Tabular Fine-Tuning#

Learn how NeMo Safe Synthesizer uses LLM-based tabular fine-tuning to generate private synthetic data that maintains statistical properties and business logic.

Overview#

Tabular Fine-Tuning is the core technology behind NeMo Safe Synthesizer’s synthetic data generation. It adapts large language models to understand and generate tabular data by converting structured data into text sequences, fine-tuning the model on these sequences, and then generating new structured data.

Tabular Fine-Tuning is an AI system combining a Large-Language Model pre-trained specifically on tabular datasets with learned schema based rules. It can train on datasets of various sizes (we recommend 1,000 or more records) and generate synthetic datasets with unlimited records.

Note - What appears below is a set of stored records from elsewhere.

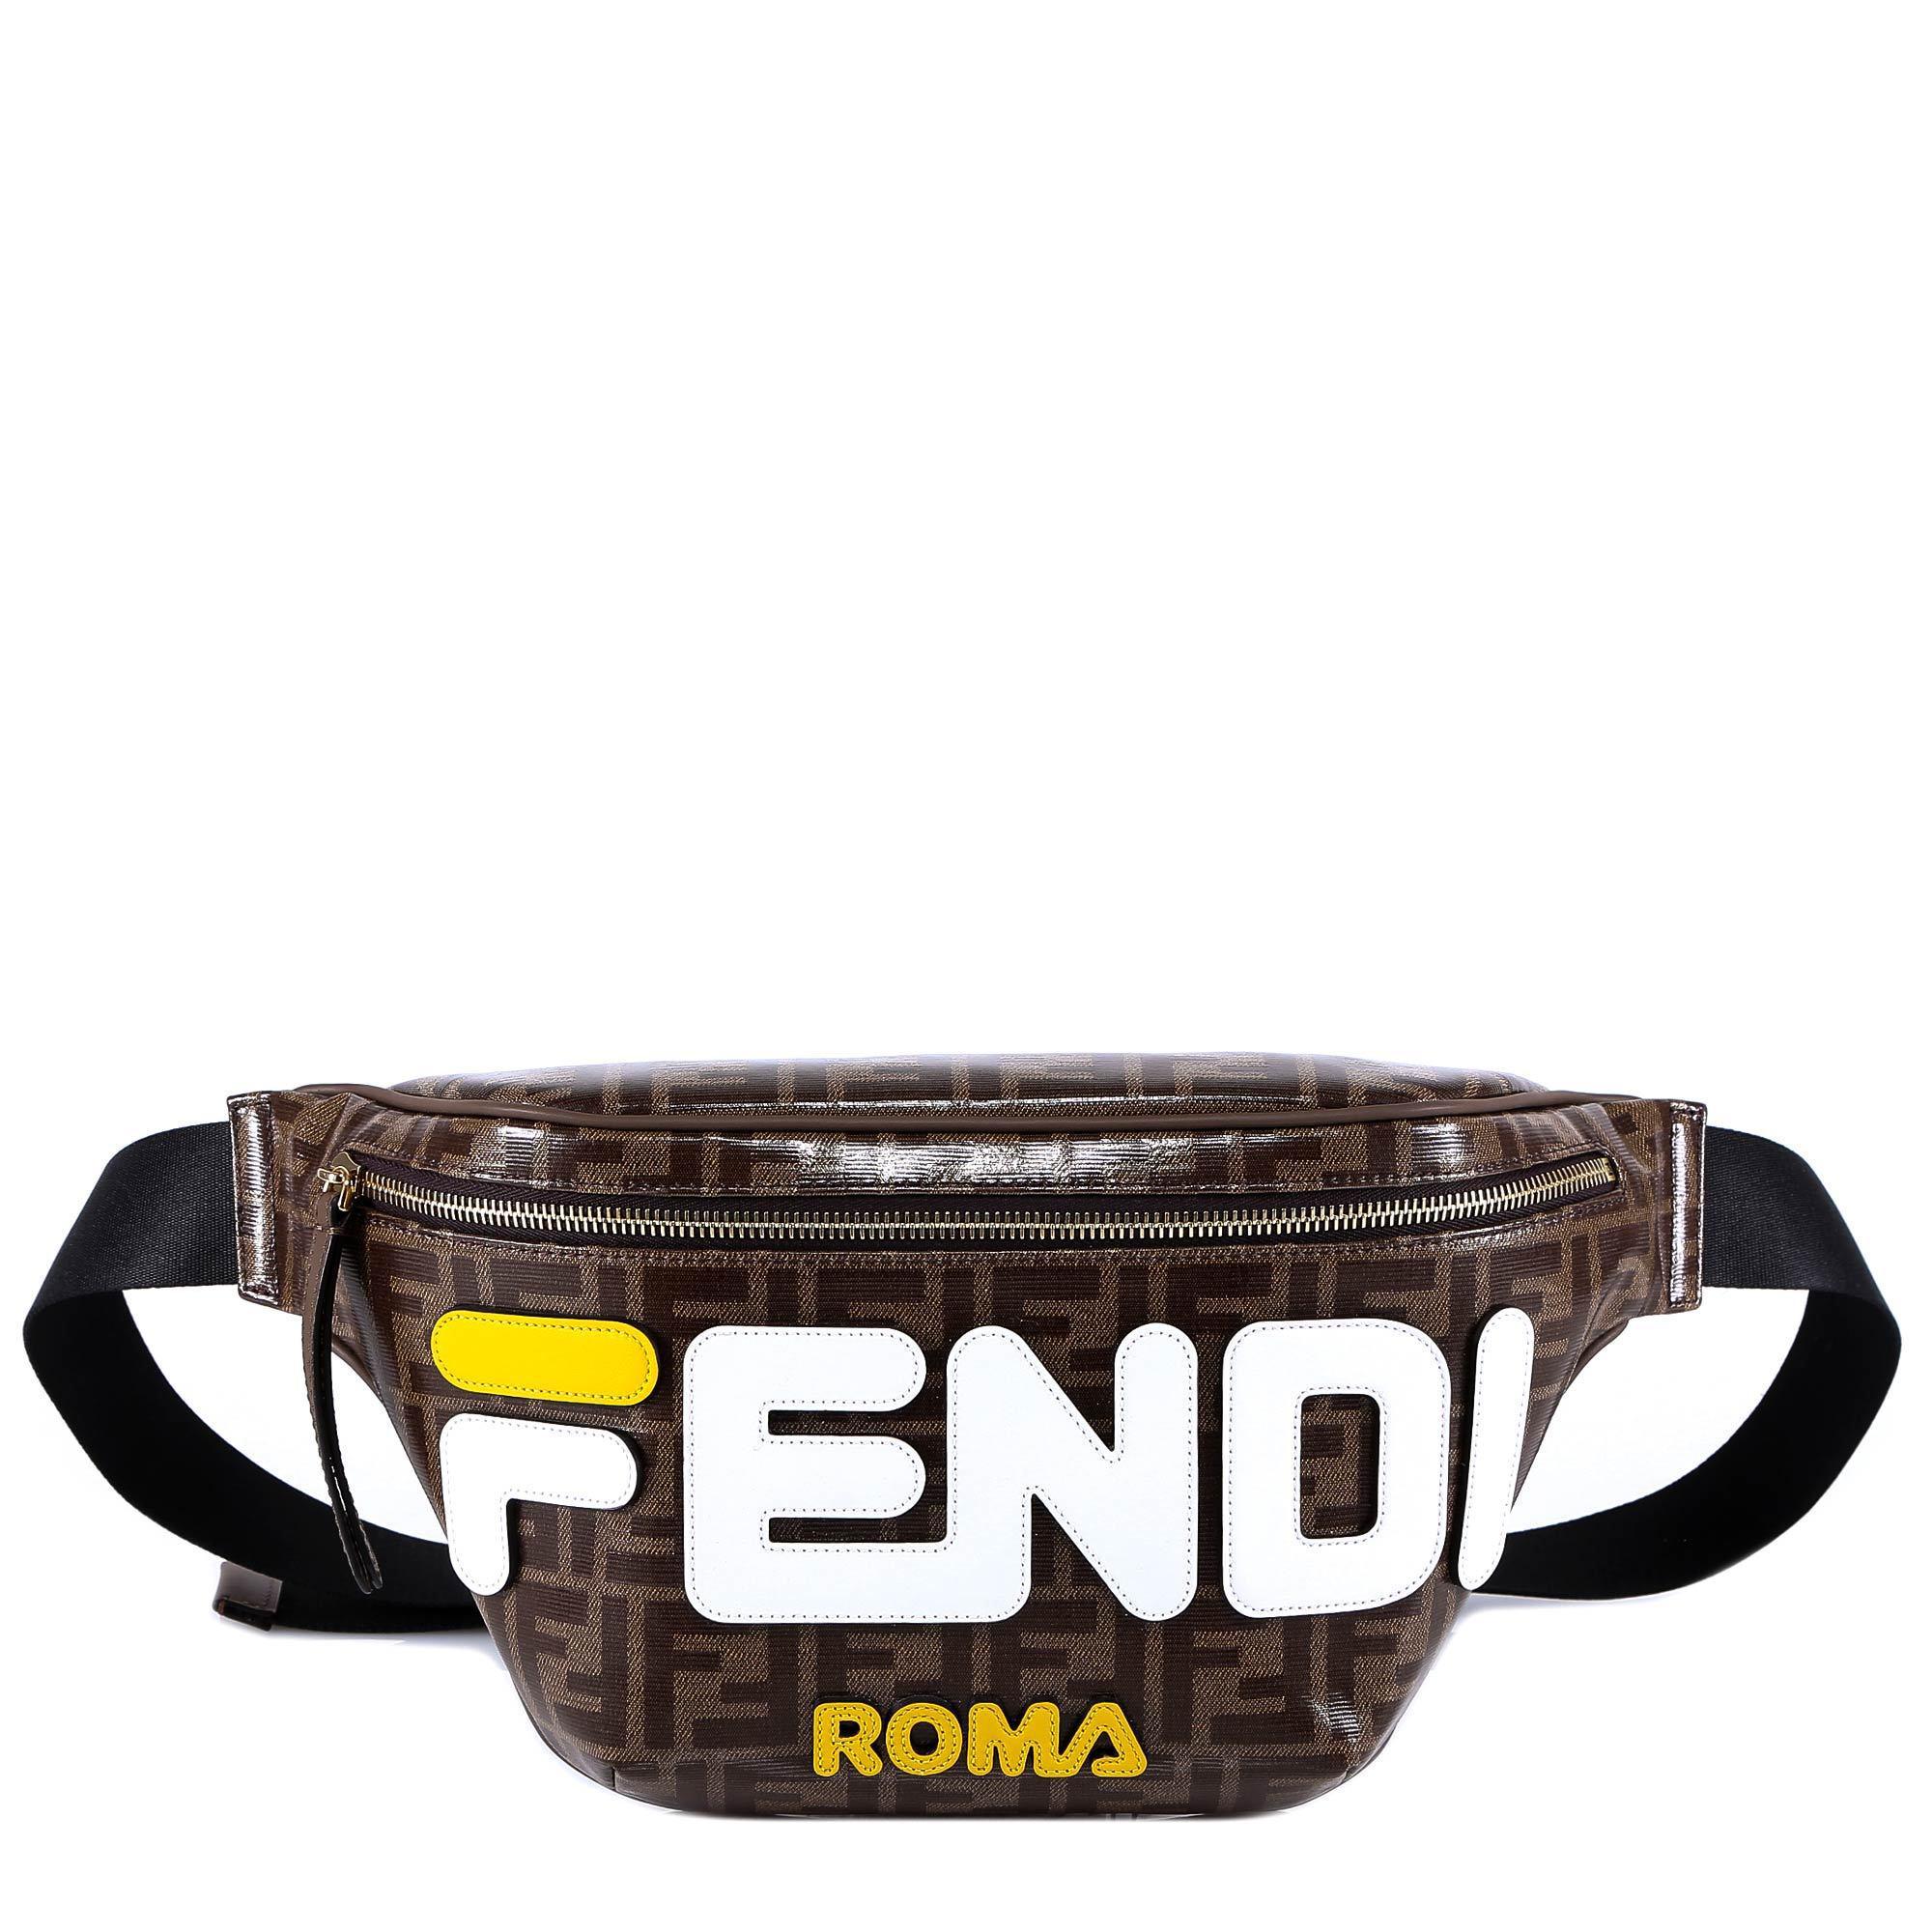 915bb02aee Fendi Ff Fila Belt Bag for Men - Lyst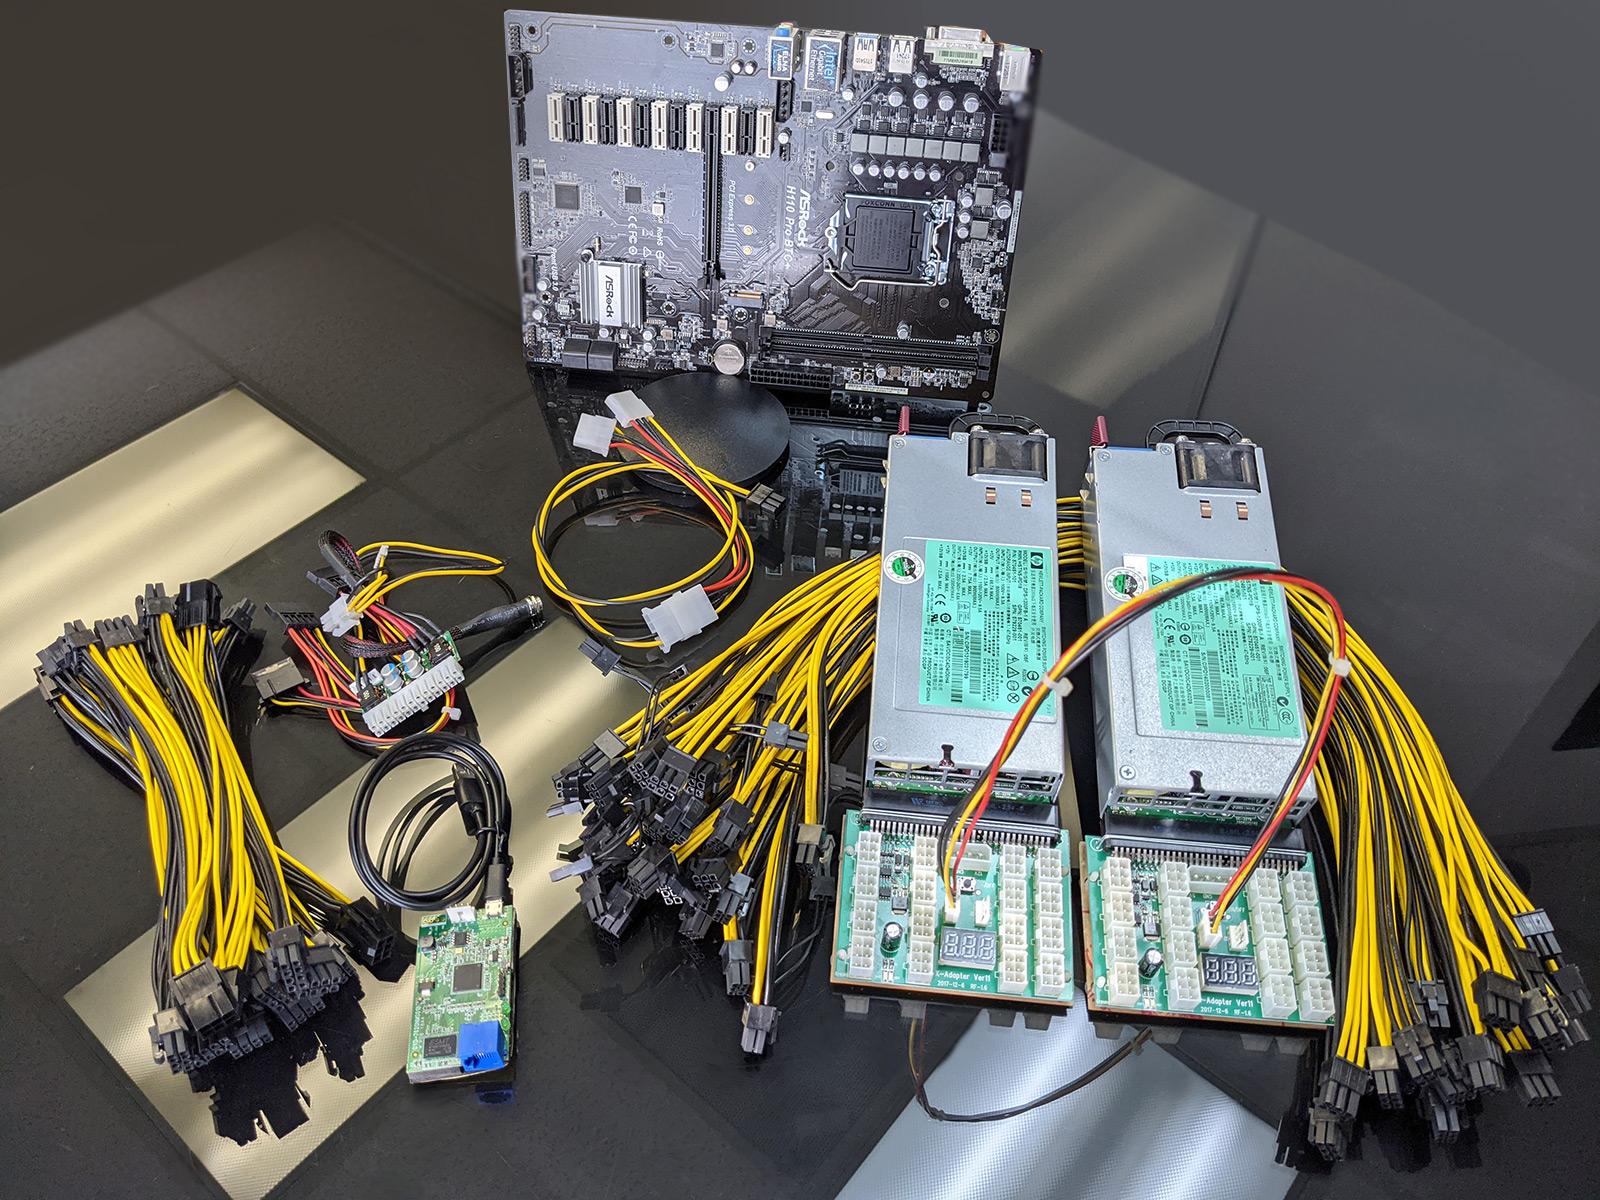 ASRock BTC PRO Kit, BTC Mining PCIe x1 to x16 Riser Card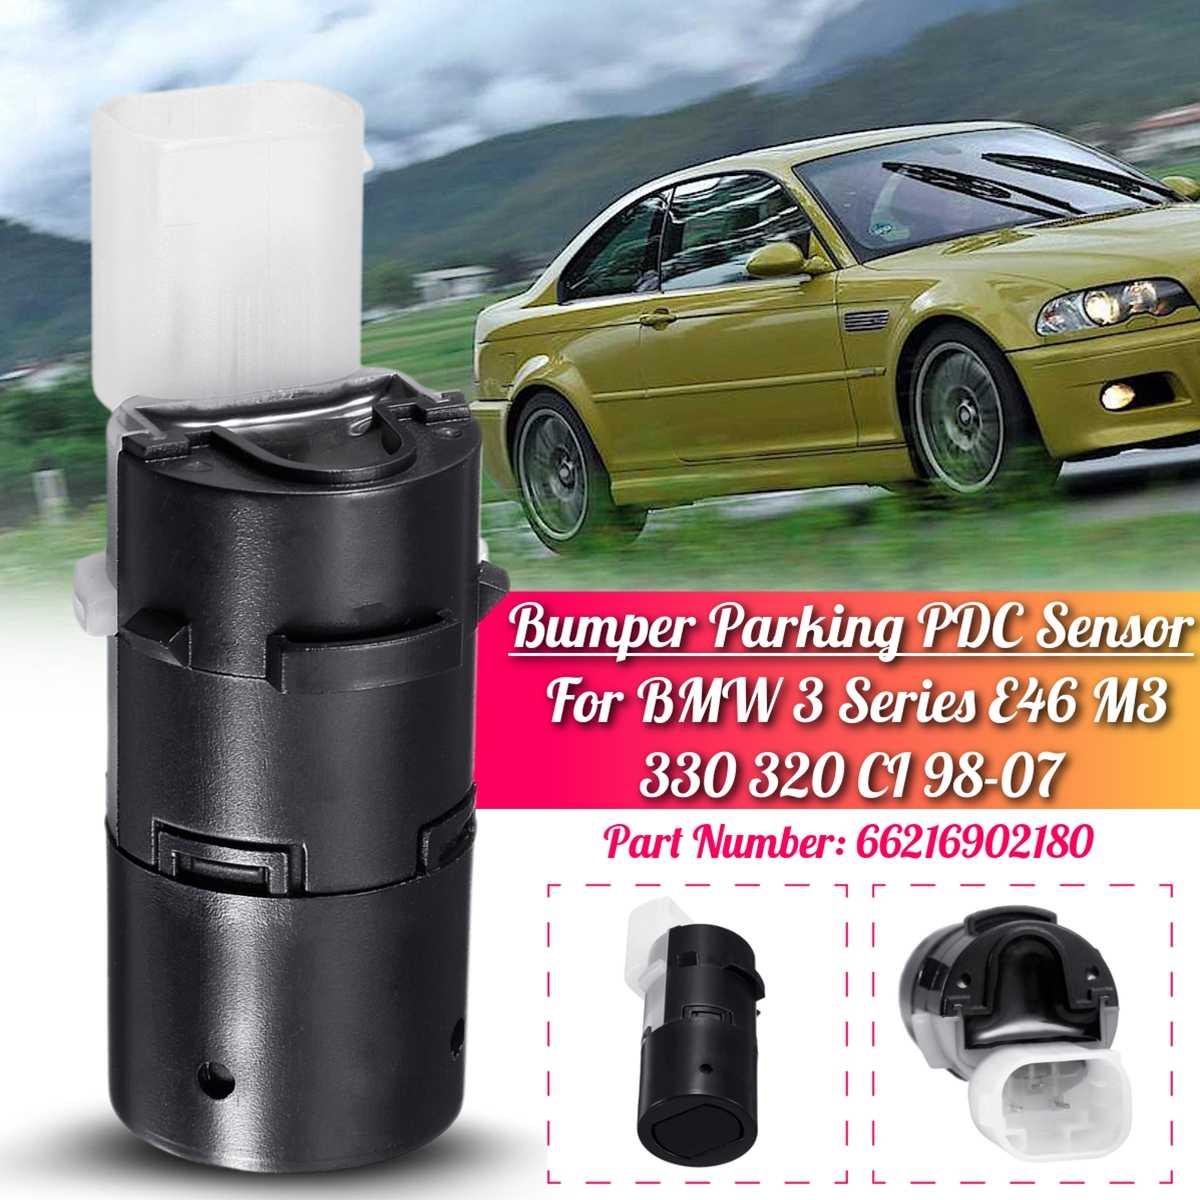 Car Front//Rear PDC Paring Sensor for BMW 3 Series E46 1998-2007 66216902180

The model excels at matching the correlations (both within a single record and across multiple records) and distributions in its training data across multiple tabular modalities, including numeric, categorical, free text, and event-driven values.

Limitations and Biases#

  1. The default context length for the underlying model in Tabular Fine-Tuning can handle datasets with roughly 50 columns (less if modeling inter-row correlations using group_training_examples_by). Similarly, the default context length can handle event-driven data with sequences up to roughly 20 rows. To go beyond that, increase rope_scaling_factor. Note that the exact threshold (where the job will crash) depends on the number of tokens needed to encode each row, so decreasing the length of column names, abbreviating values, or reducing the number of columns can also help.

  2. Given the model is an LLM, mappings from the training data often persist in the synthetic output, but there is no guarantee. If you require mappings across columns to persist, we recommend doing pre-processing to concatenate the columns or post-processing to filter out rows where the mappings did not persist.

  3. Pre-trained models such as the underlying model in Tabular Fine-Tuning may produce untrue and/or offensive content without warning. We recommend having a human curate or filter the outputs before releasing them, both to censor undesirable content and to improve the quality of the results.

Troubleshooting#

Tabular Fine-Tuning is recommended when:

  • You want to generate synthetic data and have a sample of at least 500 rows of real data

  • Your dataset has (or can be reduced to) relatively few columns (<30)

  • There are relatively few events per sequence (<10) if you have event-driven data

Common errors#

Once common error you might face when running Tabular Fine-Tuning is limited context window.

Limited context window#

When you train the Tabular Fine-Tuning model, we pass data into the LLM’s context window repeatedly. All of the data related to a single example (i.e. one record, or all records for event-driven data) must fit inside the context window so that it can get passed in together.

When your data has many columns (>30), a single row can often exceed the context window, especially if any columns contain long free text. Similarly, if you have many events per sequence (>10) for event-driven data, passing in all of those at one time (required to learn the event sequences) can exceed the context window.

It is important to highlight that these are all rough guidelines. If your data has fewer columns, you may be able to fit more events per sequence. If your data has long free text in some columns, you may be limited at far fewer than 30 columns.

If any record (or set of records within a sequence for event-driven data) exceeds the context window, the job will not even start fine-tuning.

Possible configuration and data changes that can help this error:

  • You can increase the rope_scaling_factor in order to scale up the context window size (integer between 1 and 6; maximum value is 6)

    • This can be effective, but note that it typically increases the runtime.

  • If you have sequenced data, you can try reducing the number of rows in each sequence (<8-10). Each sequence with all its included rows is assumed as a single example for the LLM. Hence, with more rows, you are more likely to exceed the context window size limit. (Note: Having a high number of columns can make this situation worse!)

  • You can reduce the number of columns (try <20). In particular, columns with long text tend to eat up a good chunk of the context window and are great candidates for removal. If there are columns that are not correlated with any other column, consider removing them as a pre-processing step and adding them back as a post-processing step if needed.